I had an amusing experience some years back in Collingwood when I was out to lunch with my cousin, Patty.  We were walking down Haddon Avenue window shop amidst an unusually large number of other pedestrians.  Suddenly there were also major network news trucks, CBS, NBC, ABC.  Collingwood was allowing same sex couples to apply for marriage licenses, and later, ten couples celebrated their nuptials at the Scottish Rite Auditorium.  My cousin said we might be on tv and how shocked our friends and family would be if we were misidentified as one of the couples looking for a license.  Patty was a widow by then and I, a long time divorcee.
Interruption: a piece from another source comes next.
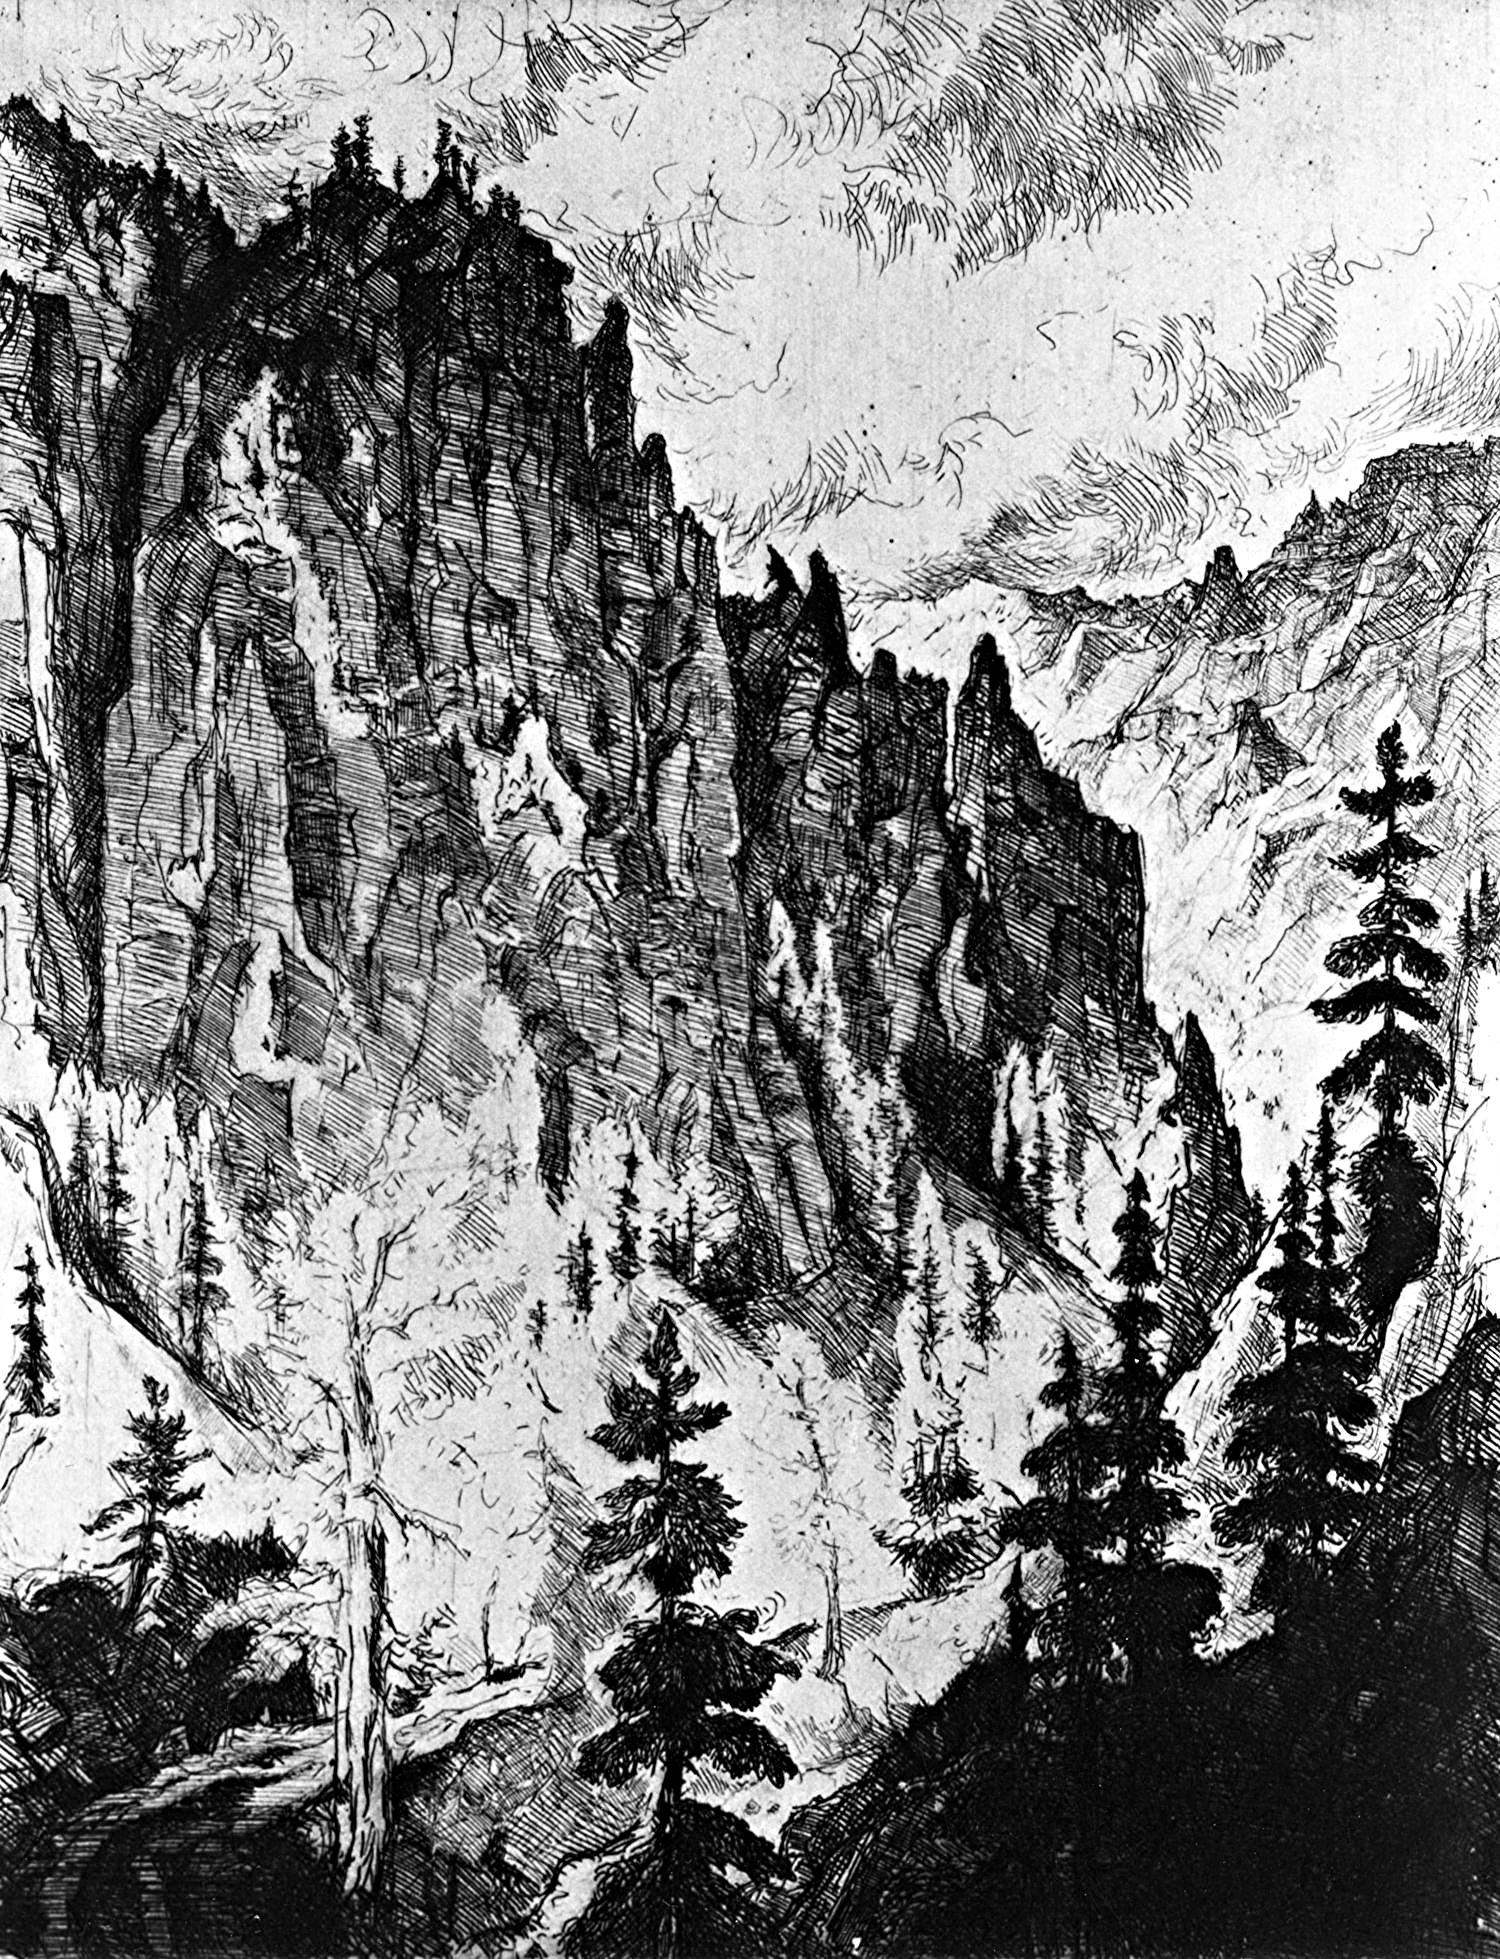 1.4MB_crystal_river_canyon-1.jpg

Collingswood had come a long way from the stodgy, angry, excluding and hell-fire and damnation of McIntyre's period, to the vibrant, open, cafe and restaurant decorated town of today.  Once, those store fronts were boarded up and covered with cardboard, now you see the faces of the happy people through the glass.  

It is a town I would be happy to live in if I didn't live in the house I love already.

If you want a walk and a lunch, you couldn't find a nicer spot - three parks - 4 miles at Cooper River and lunch at the Cooper House, 1 1/2 miles at Knight's Park, and lunch at Sabrina's or Salad Works, or 3 miles at Newton Creek.  By the way, I have kayaked on Newton Creek as well, you can go from Cuthbert Blvd. up to the BlackHorse Pike, not a long ride, but an interesting one.  I once saw a dozen white herons roosting in a tree along the banks of the creek near the Black Horse Pike.